# Provided information:

-*-*-

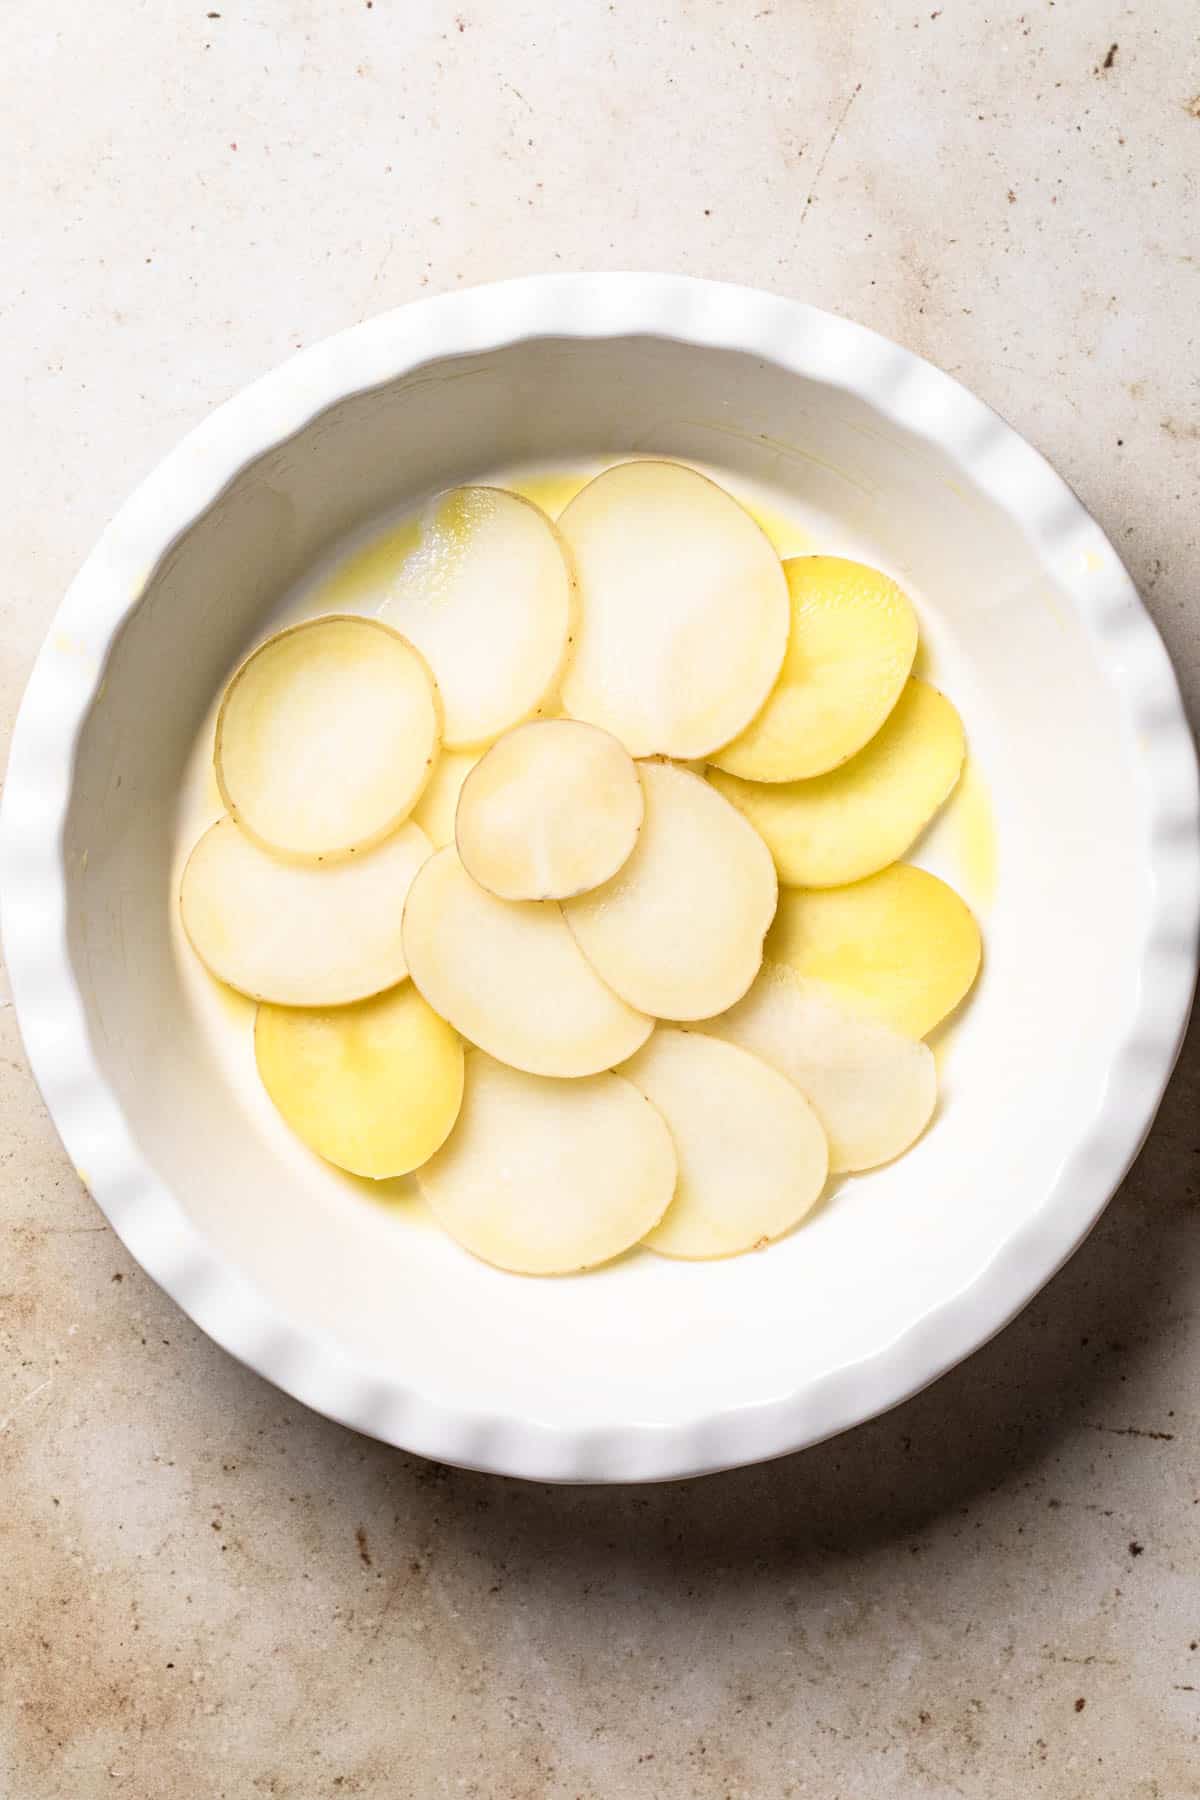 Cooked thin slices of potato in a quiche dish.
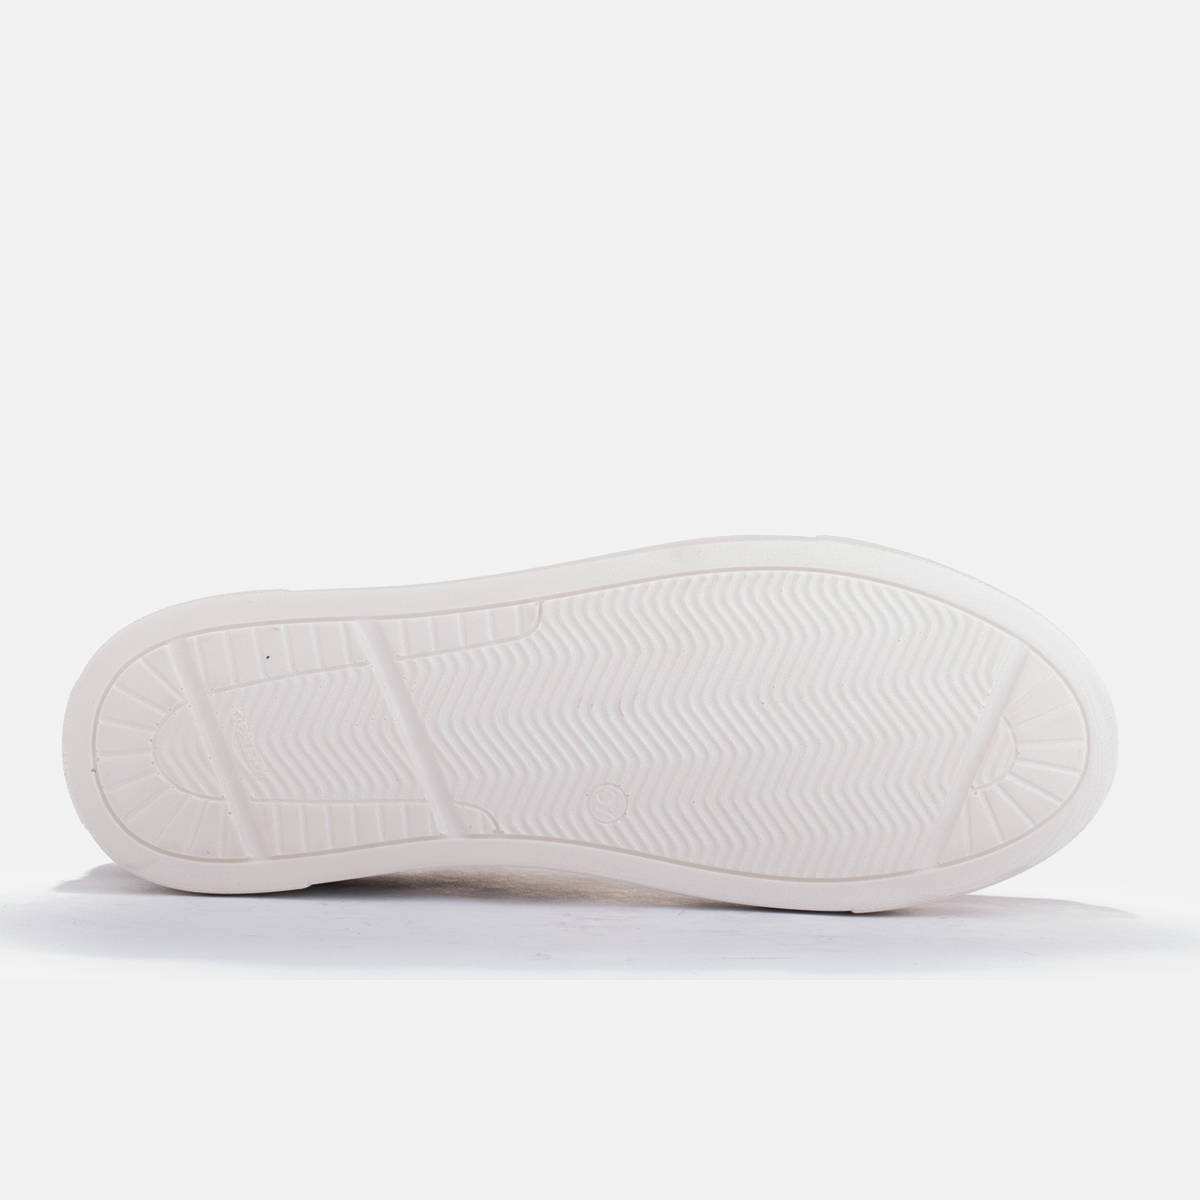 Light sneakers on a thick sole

-*-*-

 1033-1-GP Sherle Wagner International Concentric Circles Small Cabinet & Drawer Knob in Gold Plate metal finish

-*-*-

# Problem:
Print nothing but the lines above starting with the line that contains "Cooked thin slices" and going on through the line that contains "Light sneakers on a thick sole". Leave out the pictures.

# Reply:
 Cooked thin slices of potato in a quiche dish.
 Light sneakers on a thick sole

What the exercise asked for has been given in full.